Find out what the criteria are. Ask for some regular review of your code and get your boss to commit to an evaluation. They may have guidelines and/or examples of what they consider good code.

If he really knew what he was doing, he would have watched you write code in Python as part of your test. Who hires a chef without asking them to cook and tasting their food?

Having a Conversation over things that bother you is always a good decision.

That said, You have applied for that job. Are you unsure if you can handle it now? Learning is an integral part of working in Software, so you always will be required to learn new things, preferably fast.

For your soothing, it is alwaystricky to answer that question. "Are you a good Programmer?" That mostly depends on his expectations. And he has hired you, so you can't be that far off.

You could have a conversation with your boss as to what is it about your description of your Python skill that's tricky to him. I presume that you were never out to trick anyone and if there was any ambiguity or anything that was misleading in the way you wrote your resume, you'd like to know what it is so that you can fix it.

Having said that, your boss asked for a clarification about your Python skill and you gave that clarification without beating the bush or saying anything incoherent. At this point, the boss knows exactly where you stand and nobody is misleading anyone. Case closed.

How do you know you are a good programmer? That's an answer you'll have to work for yourself over time and depending upon what you are specializing into. For example, making sure that the code is scalable is not necessarily a priority if you do web programming, especially front end web programming. On the other hand, writing scalable code is critical if you are doing heavy duty processing at the back end.
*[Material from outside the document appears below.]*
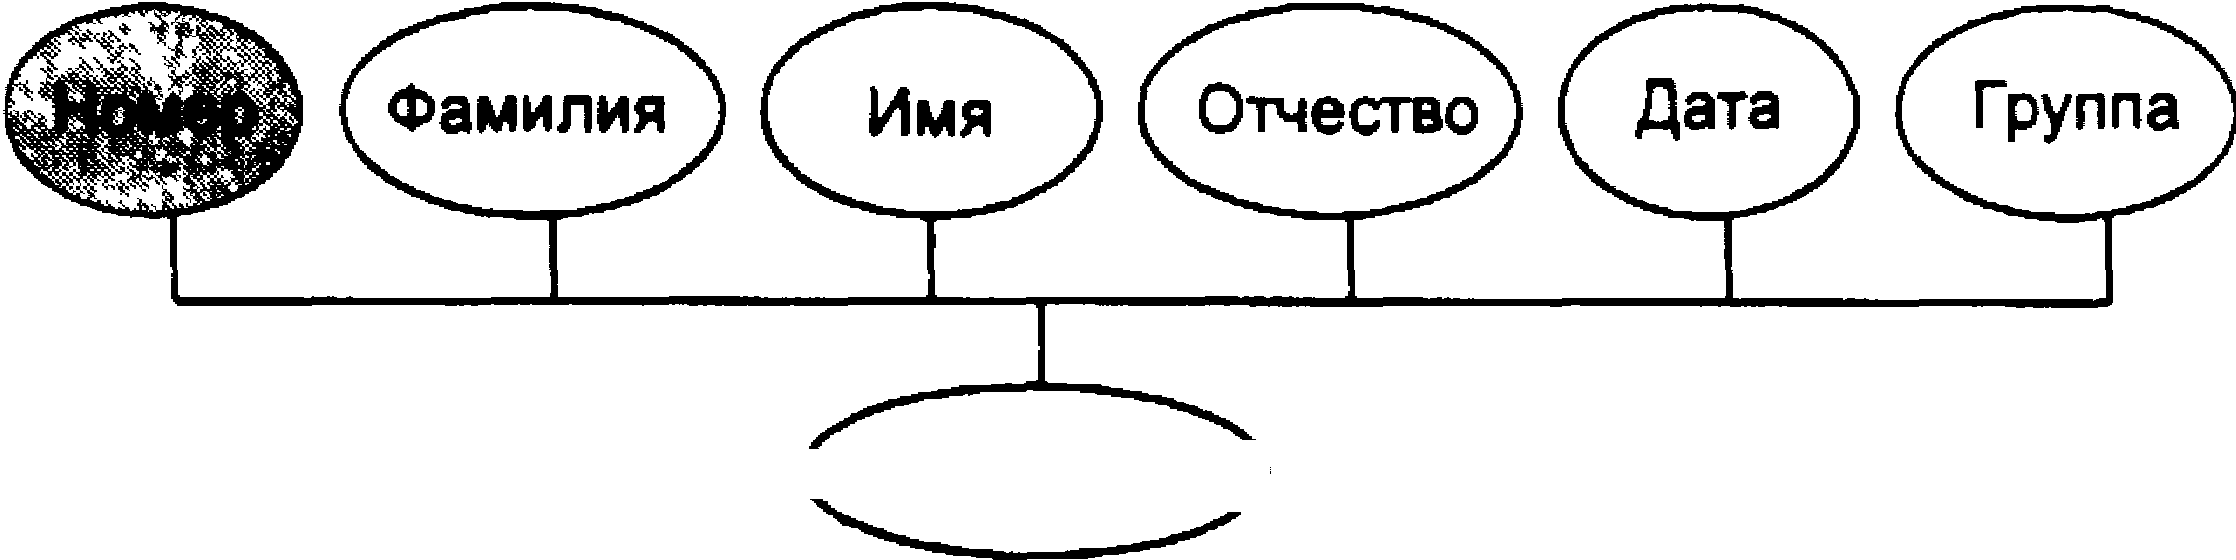 Метод т групп. Понятие информационного объекта. Нормализация отношений. Реляционный подход к построению модели данных. Связь понятий «объект» и «модель».. Понятие информационных отношений таблица.
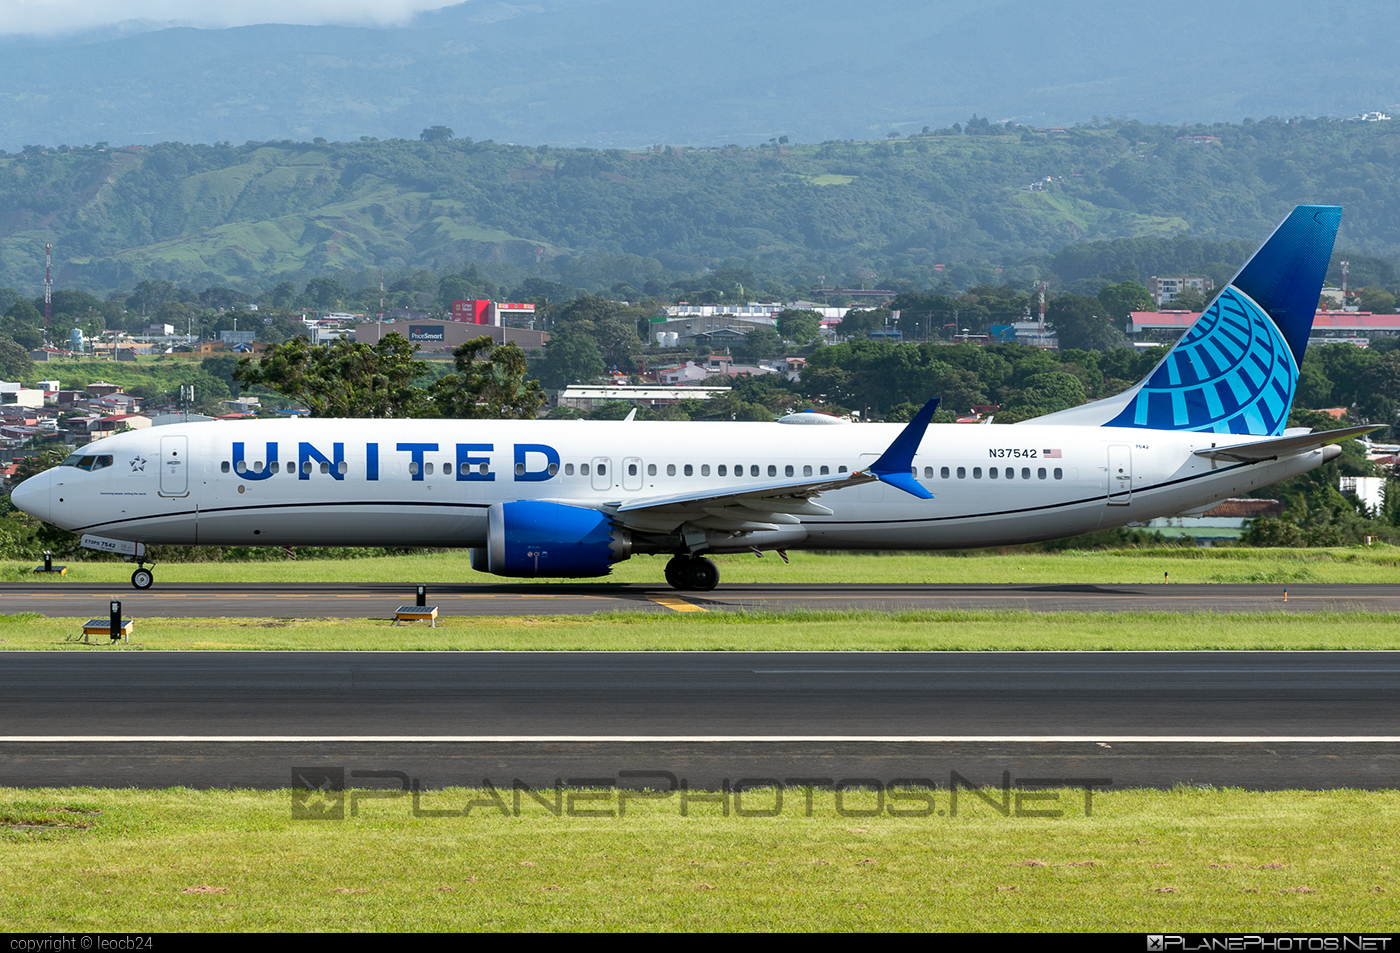 Boeing 737-9 MAX - N37542 operated by United Airlines #SanJoseJuanSantamariaIntl #b737 #b737max #boeing #boeing737 #unitedairlines

Right now you and your boss on a collision course for failure. Your boss has the expectation that you are going to fail and you are concerned that you do not have the ability to do the job to his satisfaction. The problem right now is that you do not have a measuring stick to even compare your progress against his expectations. So no matter how hard you try and how much progress you make there is a real chance it will not be enough. The truth is your boss probably has not even thought of it in those terms, and as such is setting up failure for you as well.

The first step is to talk to him and get some measurable goals that you can demonstrate growth with. This will give both of you a consistent measuring tape to know if you are making the type of progress that is going to be needed for you to be successful with the company.

If you think you're a good programmer, tell your boss why you think that.

Personally I would describe myself as "proficient", based on my work history of delivering projects on time (usually) and with little need for rework, ie bug fixes etc. Obviously you would need to find your own evidence to back up your own position of how you feel your skill level as a programmer. Are there any projects or assignments you can use as evidence etc? Saying you are "good" or "exellent" is difficult to prove and quantify, good compared to whom for example.

Your boss sounds quite inexperienced and is now worrying that he has hired someone who can't do the job, you can prove him wrong but it will take some time to gain his trust and respect.

I would lay my cards on the table and have an open conversation with him and say something like, if you aren't happy with my performance in 3/6 months time then I will leave and look for another job so you can hire someone else. I would ask for weekly/monthly meetings to see how the boss feels I am doing and what concerns he may have, what areas I need to improve on. If he isn't happy with any aspect of your performance then it is reasonable for him to let you know and how to rectify that.

If things don't go well at least you will know beforehand and can look for another role, you don't really want to work for someone who isn't happy with your performance regardless of how "good" you are, or how good you think you are! It may be that your boss doesn't like you for some personal or other reason and is using your ability (or his perceived lack of) as an excuse to get rid of you. Your face may not fit for example, nothing much you can do about that, but having the open chats may bring this to light.